Ultimately, the royal family survives and is vindicated in the public eye because it is controlled. And that is what the traditional media has done, no doubt not always honestly, but generally rigorously. If the royal family is allowed to repackage itself as a completely sanitized but untouchable institution, disaster will probably follow.

Harry and Meghan are richly comical, and also frustrating, figures as they painstakingly craft their own image of California perfection. Yet it doesn’t really matter what they do, because they’ve become so peripheral to the monarchy. But the Prince and Princess of Wales are the future.

Perhaps their strategy is not entirely calculated.
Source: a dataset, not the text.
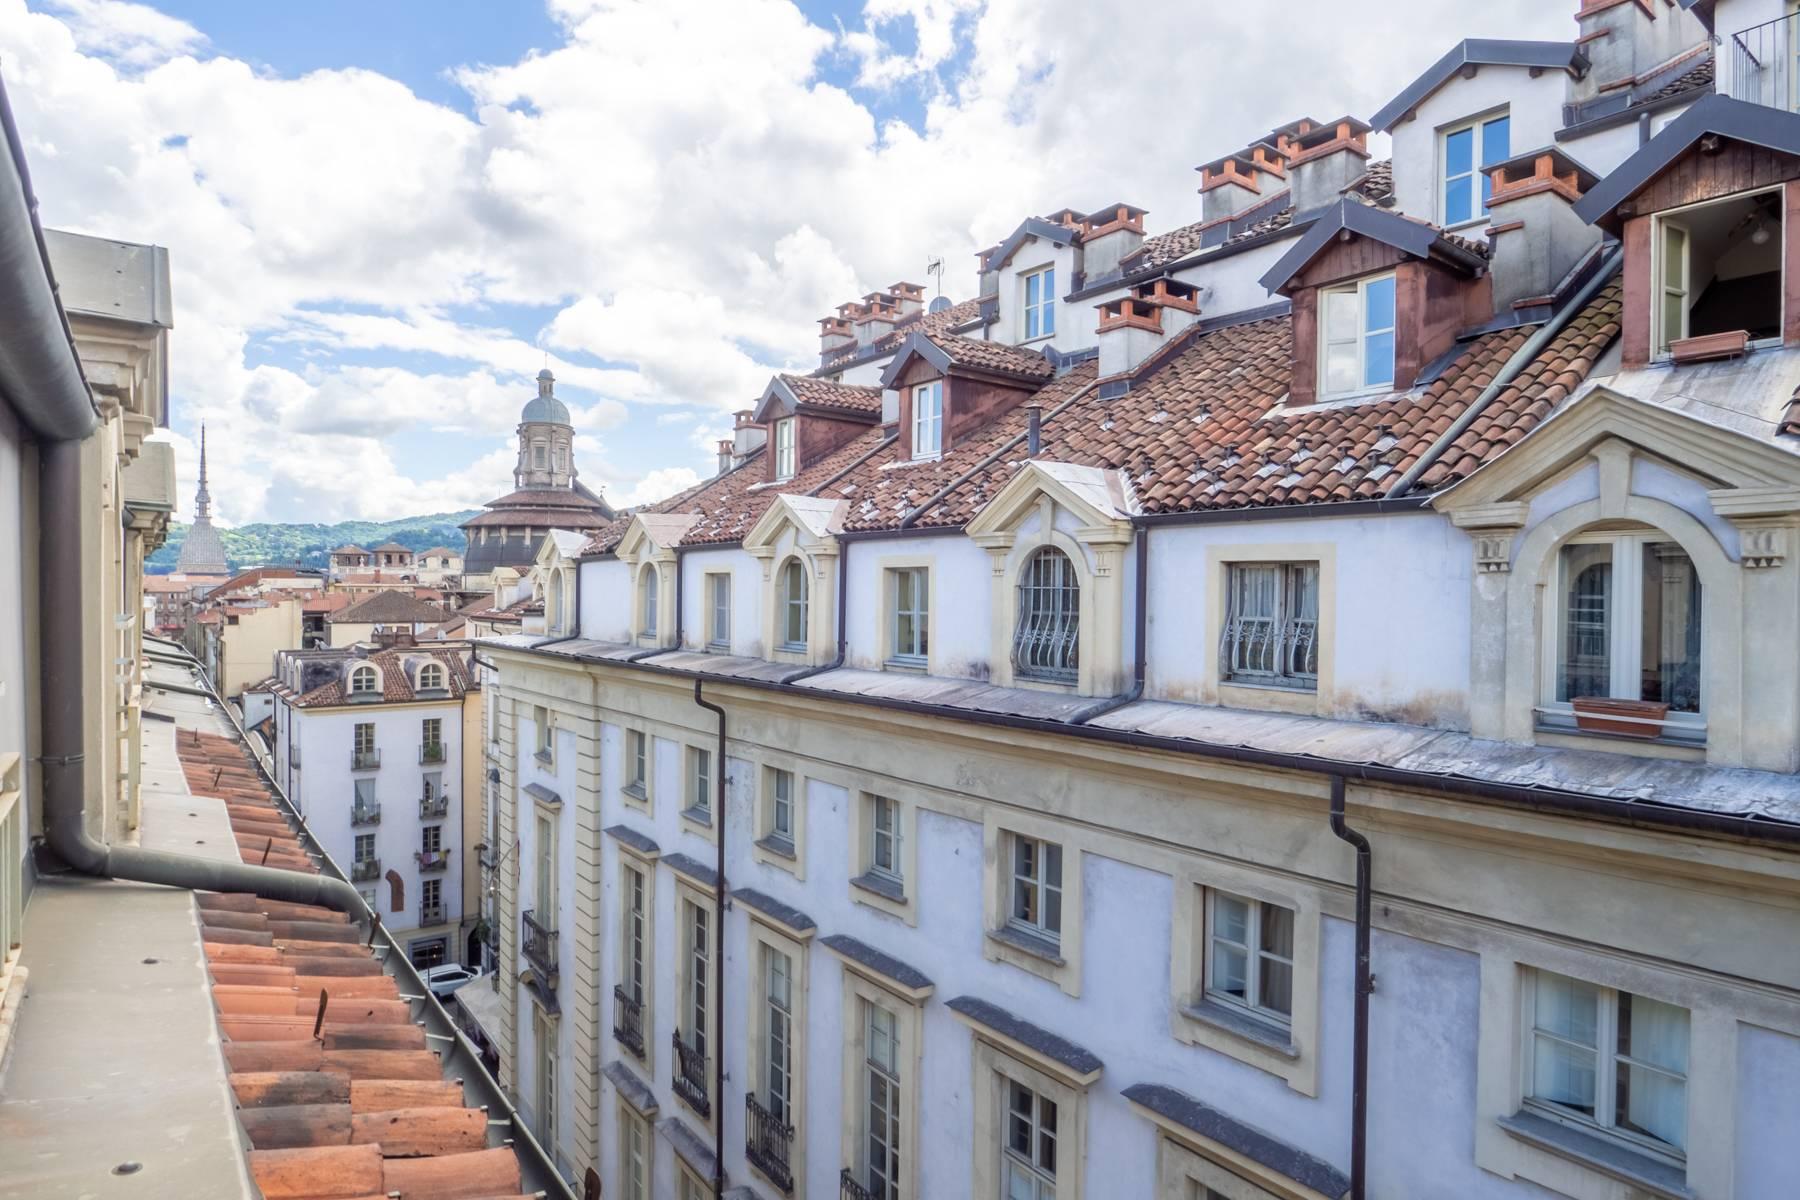 Appartamento in Vendita a Torino: 4 locali, 119 mq - Foto 8

Perhaps they are genuinely moved by the sentimentality of our times. At the end of her voiceover in the last video, Kate says, “To everyone who is continuing their own cancer journey – I will be with you, side by side, hand in hand.” This cannot be true. It is too much.

Am I a grouch? A dinosaur even? I hope not. I doubt the British people will cheerfully accept a magical monarchy that values ​​sentiment over common sense and promotes a false image of itself, one that is imbued with happiness and laughter.

I am glad that Catherine is getting better. She is a gifted woman and we are very happy to have her. We are also glad that in William we have such a balanced and dedicated heir to the throne.

But the monarchy will be weakened if the public comes to believe it is being fed a fairy tale nurtured by the Prince and Princess of Wales and beyond the reach of the media.